Robust binarization of gray-coded pattern images for smart projectors

A smart projector, equipped with a camera, automatically adjusts its keystone and color transformation according to the shape, position, orientation, and reflectance of projection surfaces. To realize the automatic adjustment, smart projectors build a mapping between pixel locations in a projector image and their corresponding locations in the camera image of the projected surface. Complementary gray-coded patterns play an important role in building such correspondences; corresponding pixels share the same code, so that correspondence search becomes as simple as reading out the codes.
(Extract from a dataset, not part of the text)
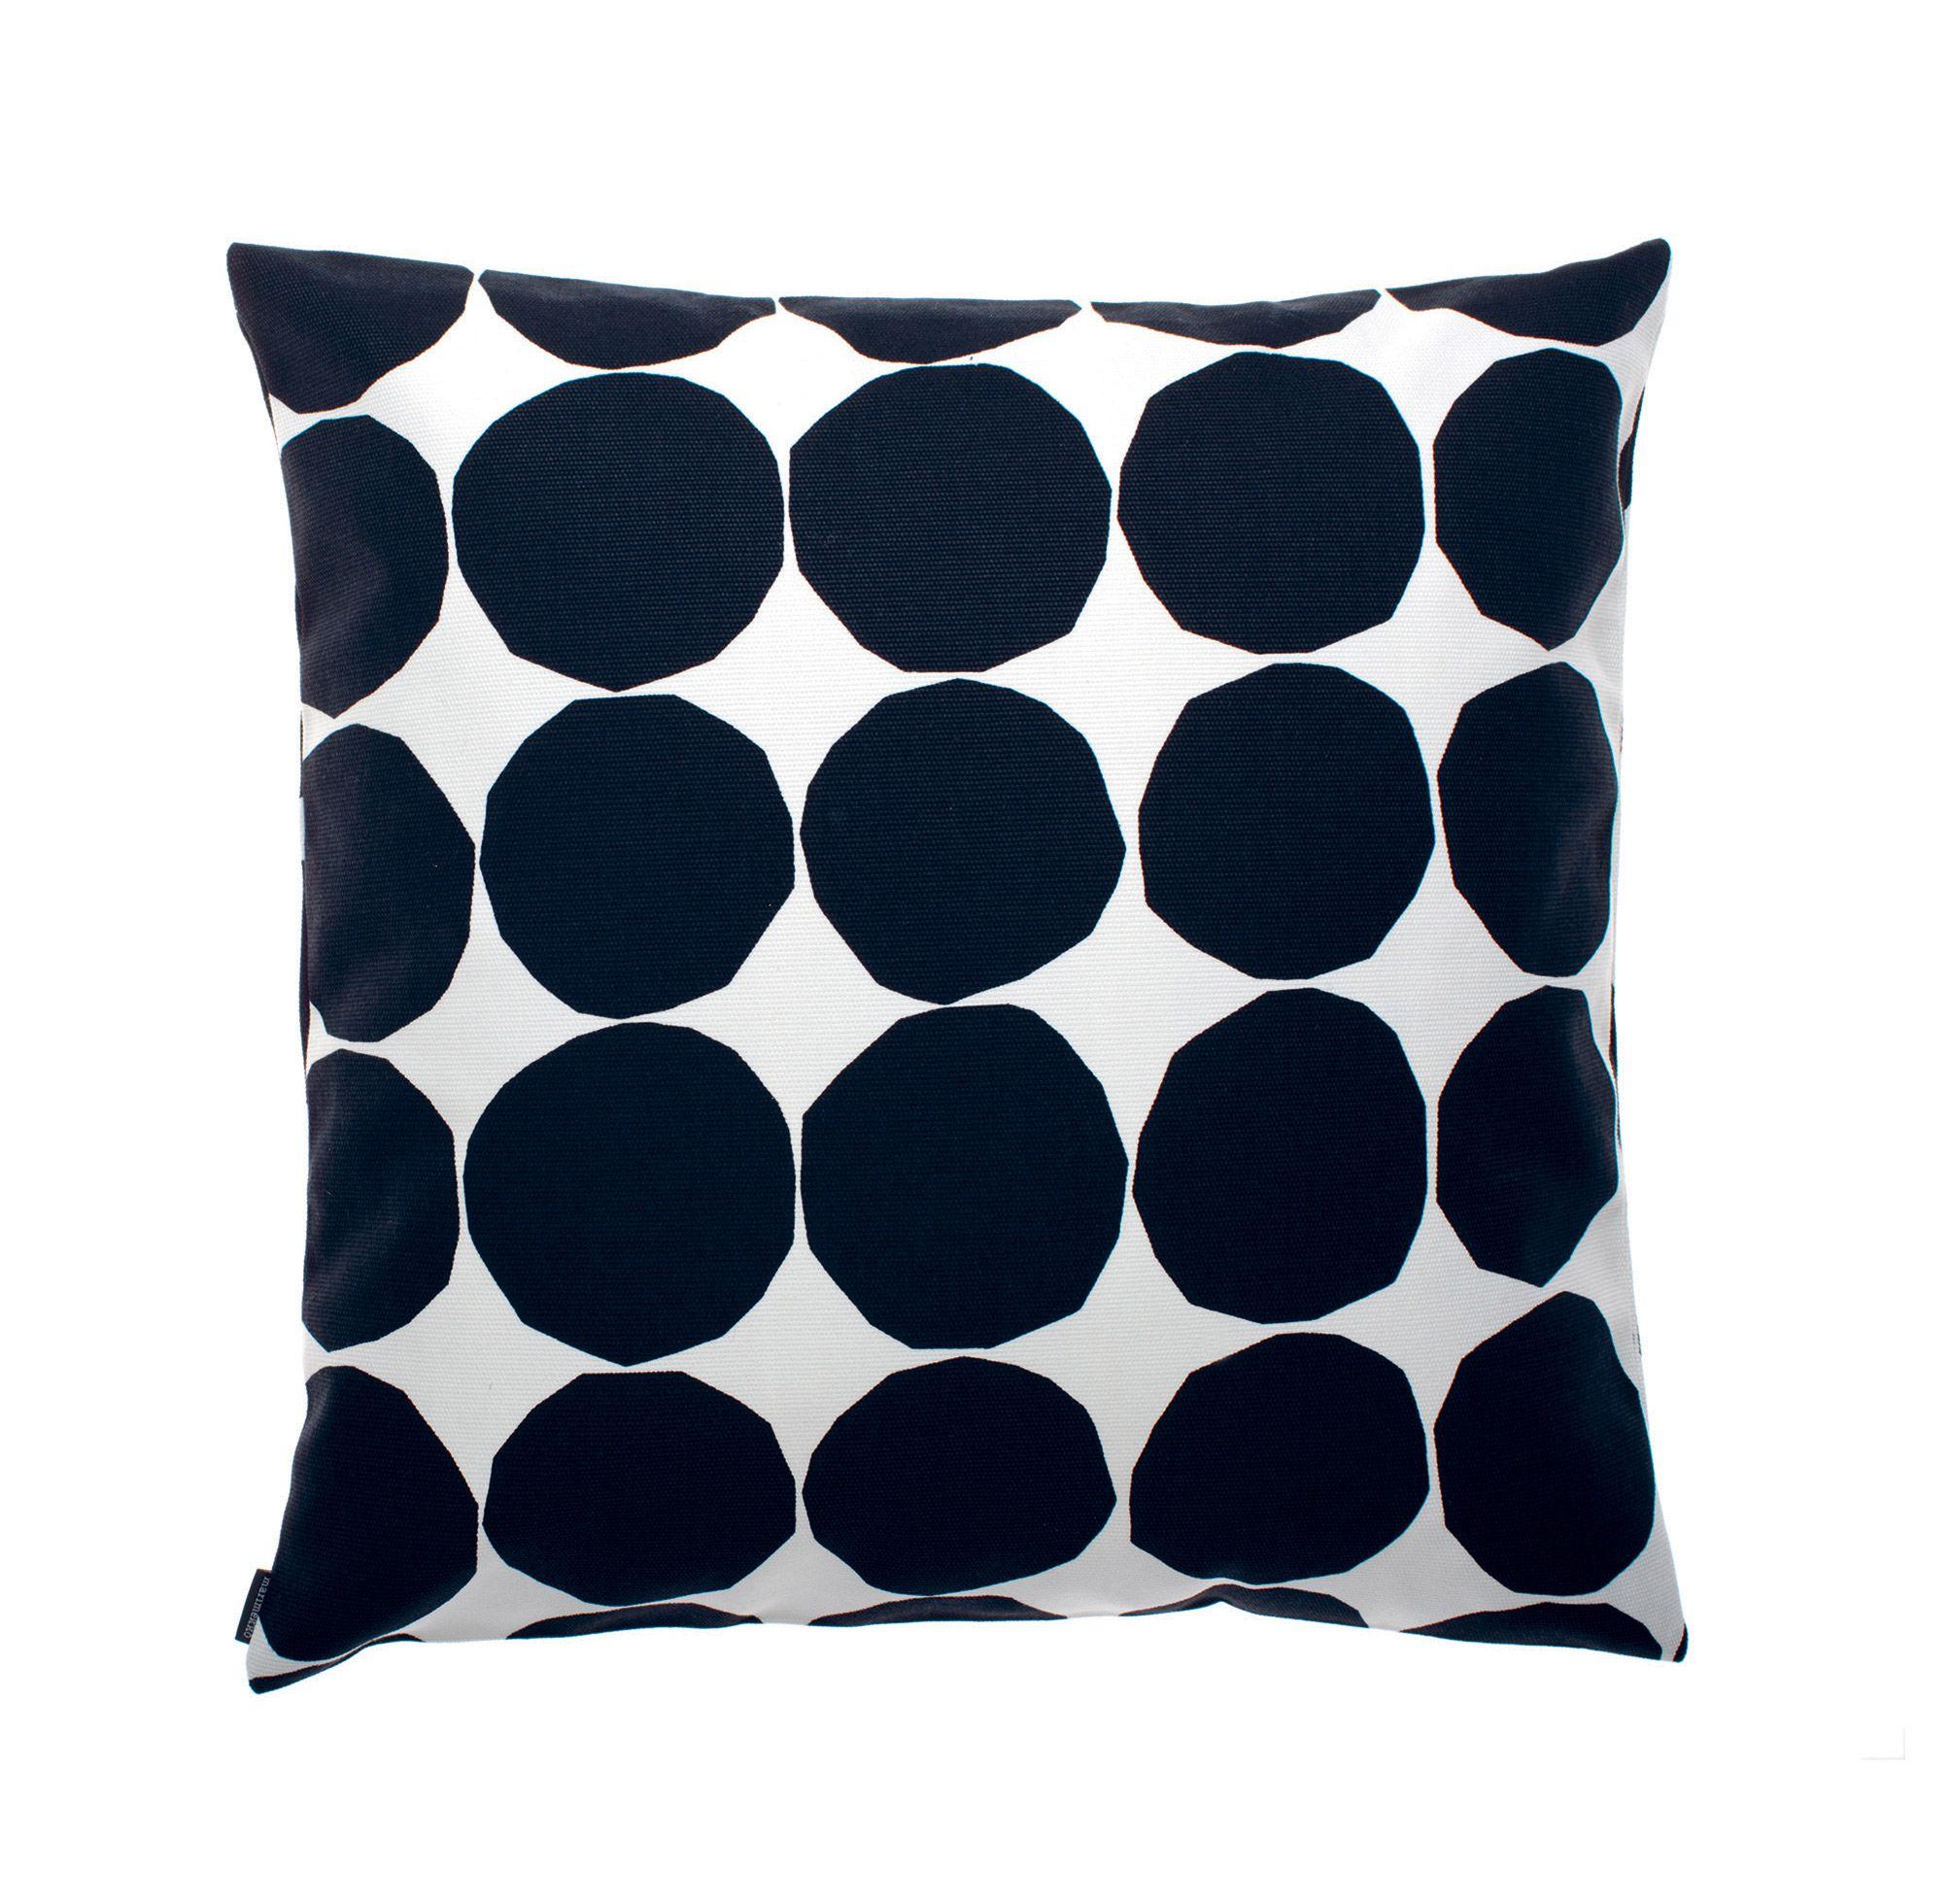 Marimekko Pillow Marimekko Large Throw Pillows Handmade Pillows

If the camera views a wider area than the projection region, a significant number of camera pixels capture surfaces outside the projection region. To build correct correspondences, detection and rejection of them is indispensable. In this paper, we build a robust method for detecting and rejecting those pixels, so that the camera images of the patterns will be correctly binarized. Experimental results show that the proposed method effectively rejects outliers while preserving accurately binarized pixels.